Routing: Webhook → DO

// In envo-dashboard webhook handler (or envo-orchestrator fetch handler)
 
async function handleInboundSMS(request: Request, env: Env) {
  const body = await parseFormData(request)
  const phone = body.From
 
  // Deterministic ID from phone + channel — same phone always hits same DO
  const actorId = env.CONVERSATION_ACTOR.idFromName(`sms:${phone}`)
  const actor = env.CONVERSATION_ACTOR.get(actorId)
 
  const result = await actor.handleMessage({
    content: body.Body,
    mediaUrl: body.MediaUrl0,
    externalId: body.MessageSid,
  })
 
  return new Response(twimlResponse(result.reply))
}

DO ↔ Workflow interaction

Inbound SMS
    ↓
ConversationActor (DO)
    ├── Classifies intent
    ├── Collects issue details (in-memory)
    ├── Creates issue in Postgres
    └── Triggers IssueLifecycleWorkflow ──→ Workflow
                                               ├── SLA monitoring
                                               ├── Vendor assignment
                                               ├── Escalation chains
                                               └── Calls actor.updateIssue()
                                                    to sync state back

When to build this

Not now. The Conversation Actor is a performance optimisation and architectural refinement. The current pattern (Postgres read/write per message) works fine at current scale and will work to ~3,000 properties.

Build this when:

  • Message volume causes DB read latency issues (> 100ms per conversation load)
  • Race conditions become a real problem (concurrent webhooks for same conversation)
  • You want real-time WebSocket chat in the dashboard (DOs natively support WebSockets)
  • You’re building the vendor-facing chat interface (vendors need real-time comms too)

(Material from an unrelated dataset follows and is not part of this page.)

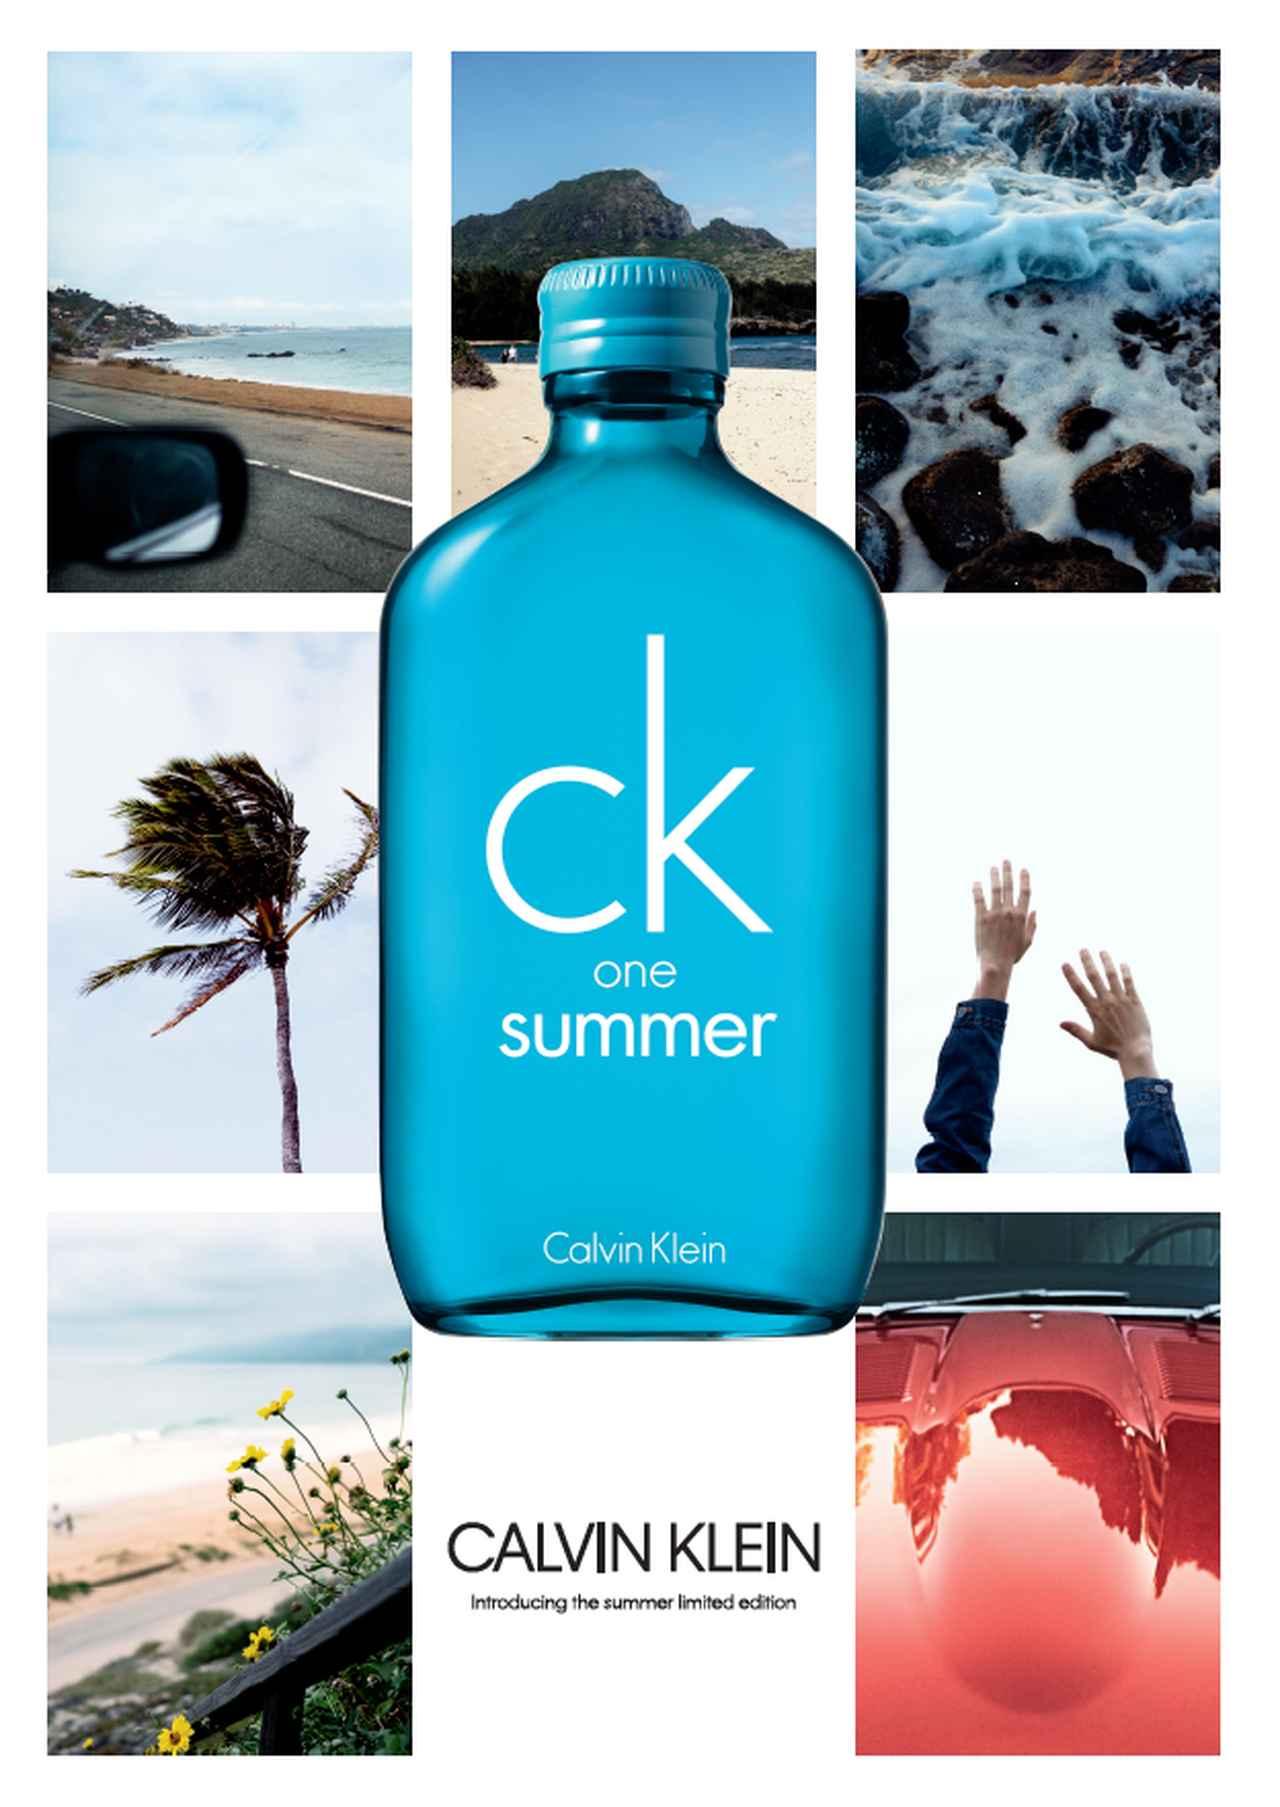 画像2: カルバン クライン、夏空を表現した限定トワレ

Estimated trigger point: 1,000+ active conversations/day or when live chat becomes a requirement.

Trade-offs

ProCon
Zero-latency state access (in-memory)State lives in two places (DO + Postgres) — sync complexity
Guaranteed message ordering (single-threaded)If DO evicted, must reload from Postgres — cold start latency
Native alarm-based timeoutsOnly one alarm per DO — need manual scheduling for multiple timers
WebSocket support for live chatNew operational surface to monitor and debug
Natural fit for actor model (one actor per conversation)10 GB storage limit per DO (plenty, but finite)
Composable with Workflows via env bindingsCannot join/query across DOs (no cross-DO queries)

Implementation Phases

Phase 0: Scaffolding (prerequisite)

  1. Create envo-orchestrator/ directory with wrangler.jsonc, tsconfig.json, package.json
  2. Set up Hyperdrive binding (reuse existing connection pool ID)
  3. Add cross-script workflow binding to envo-dashboard/wrangler.jsonc
  4. Deploy empty worker to verify binding works

Phase 1: Core workflow + vendor tables

  1. Run 0XX_workflow_tracking.sql migration
  2. Implement IssueLifecycleWorkflow with steps 1 (tenant ack) and 4-5 (SLA monitoring + resolution check)
  3. Skip vendor assignment for now (step 2-3) — just SLA enforcement
  4. Wire up triggerIssueLifecycle() in issue creation flow
  5. Wire up onIssueCancelled() in status change mutation
  6. Feature gate: Only trigger for orgs with workflow_coordination feature enabled

Phase 2: Vendor management

  1. Build vendor CRUD (GraphQL mutations, dashboard UI)
  2. Implement auto-assignment logic
  3. Add vendor notification (SMS/email)
  4. Add vendor acceptance webhook endpoint
  5. Wire up waitForEvent + sendEvent for vendor acceptance
  6. Feature gate: Vendor steps only run if contractor_coordination enabled

Phase 3: Dashboard integration

  1. Show workflow status on issue detail page (timeline view)
  2. Show SLA countdown badge on issue cards
  3. Manual vendor assignment UI (with workflow event trigger)
  4. Workflow audit log (issue events timeline)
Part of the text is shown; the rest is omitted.